Honestly, Sid...I'm sure I've passed up many a nasty post directed at me or about me...I mean, I champion the same two pianists over and over and am as hard headed as they come. I truly don't know how I haven't been the recipient of more attacks as it is! I don't question it, however. It's fine by me as confrontation is not something I fundamentally enjoy. I saw one about you and your posts supposedly getting weirder and weirder recently...I then went back and read your post thoroughly and agreed with you completely. I don't know. We're all different. We're bound to butt heads eventually; it's how you go about handling it that counts and you, sir, are a gentleman.


----------



## amfortas (Jun 15, 2011)

TrazomGangflow said:


> I don't mind the jokes but I think a comedy forum is a great idea. Make a separate forum for all the jokes.


Not sure how well that would work in practice.

"That brings a funny thought to mind . . . D'OH! . . . OK, wait . . . hold on a minute . . . "


----------



## Sid James (Feb 7, 2009)

kv466 said:


> Mr. James, I do believe I like this side of you! I'm compelled to start some beef with you so I'll have to be watching over my back. I wanna see this Sid more often...me likey.


It was quite a rant, and often when I do that, I go back and heavily edit it in like 5 or so minutes, or before I log off for a session here. I am very impulsive, more here on TC than in reality, probably.

I went a bit overboard but I just am aiming to get over it & basically stick to the less controversial threads. Eg. current listening, my favourite here, as well as composer or musical topic specific threads. That might stop me from ranting.

Basically I hate extremists of any hue, musical, political, you name it. I hate ideologues.
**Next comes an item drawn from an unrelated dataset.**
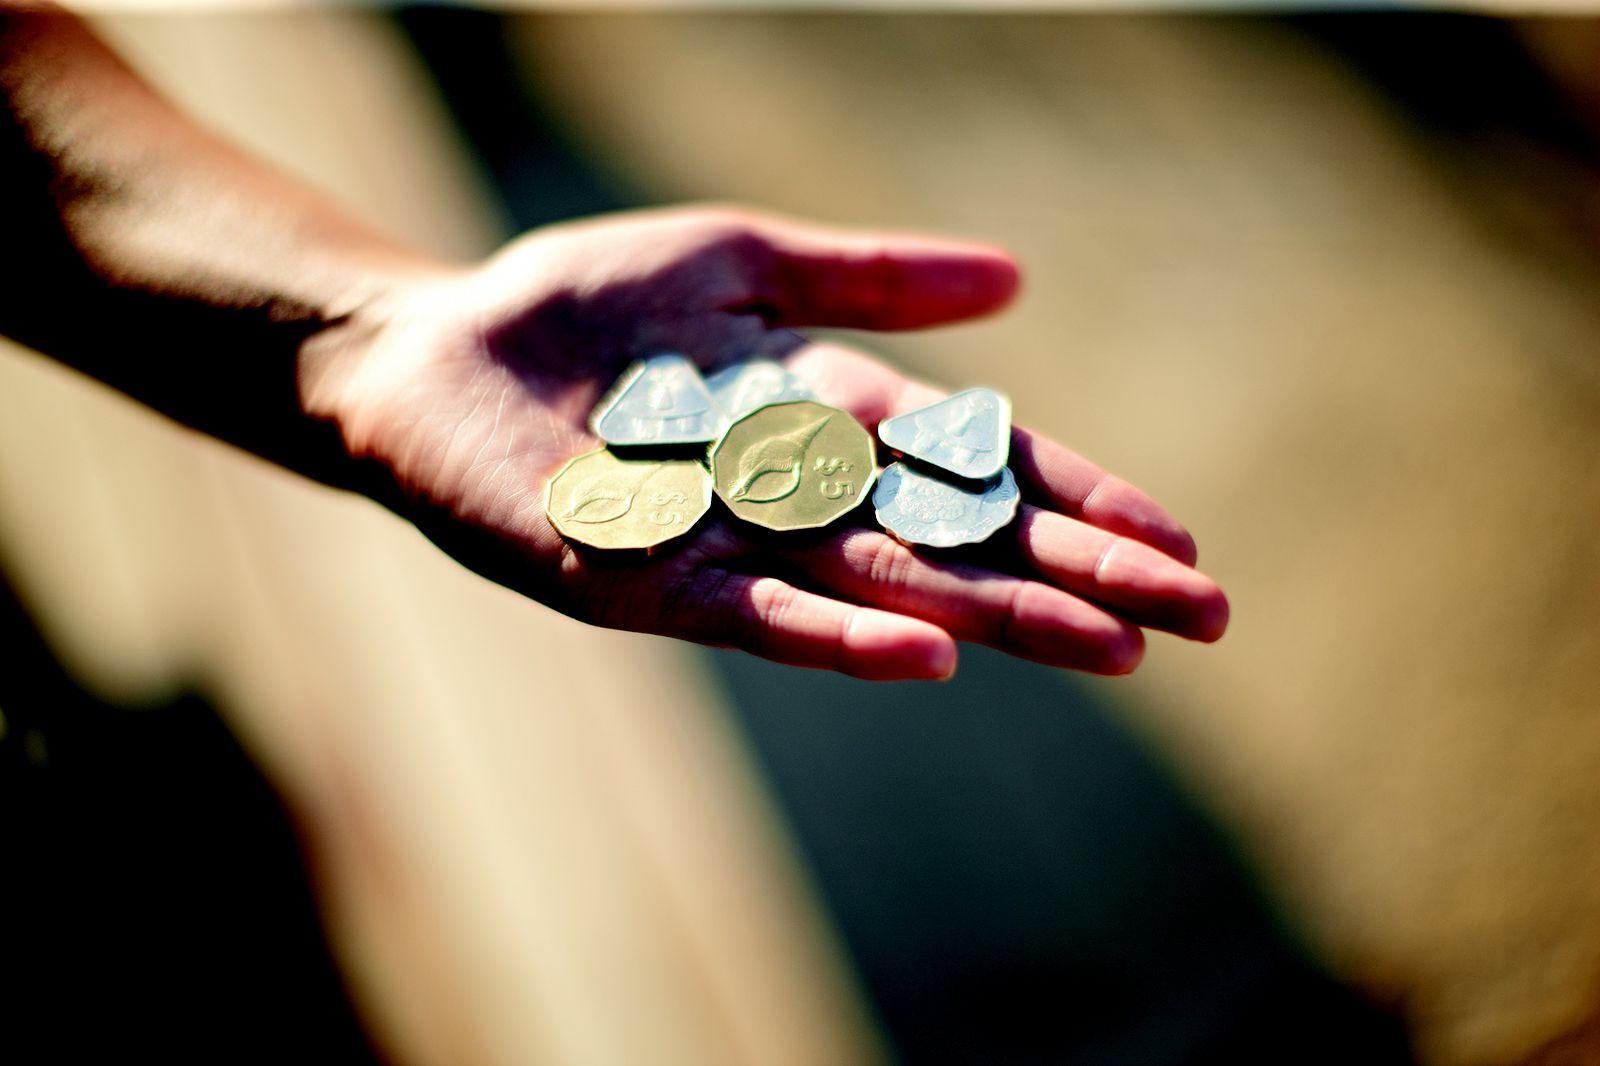 ちなみにハガキ以外の心を届ける小さなお土産として、国内で普通に使われているコインやお札もオススメ。世界でもクック諸島だけという「3ドル札」や、写真のような三角形のコインも珍しく、会話も盛り上がりそう。クック・アイランドは記念通貨の生産国としても有名。「ハロー・キティ」や「銀河鉄道999」「北陸新幹線」などの記念通貨も作っているんです。

Most of all I hate calcified jurassics who think music, society, or whatever, should be back in the stone age, anything more recent than that is rubbish, etc. I think it's these people who are rubbish, quite frankly, they are cactus in my book...


----------



## violadude (May 2, 2011)

Sid James said:


> It was quite a rant, and often when I do that, I go back and heavily edit it in like 5 or so minutes, or before I log off for a session here. I am very impulsive, more here on TC than in reality, probably.
> 
> I went a bit overboard but I just am aiming to get over it & basically stick to the less controversial threads. Eg. current listening, my favourite here, as well as composer or musical topic specific threads. That might stop me from ranting.
> 
> Basically I hate extremists of any hue, musical, political, you name it. I hate ideologues. Most of all I hate calcified jurassics who think music, society, or whatever, should be back in the stone age, anything more recent than that is rubbish, etc. I think it's these people who are rubbish, quite frankly, they are cactus in my book...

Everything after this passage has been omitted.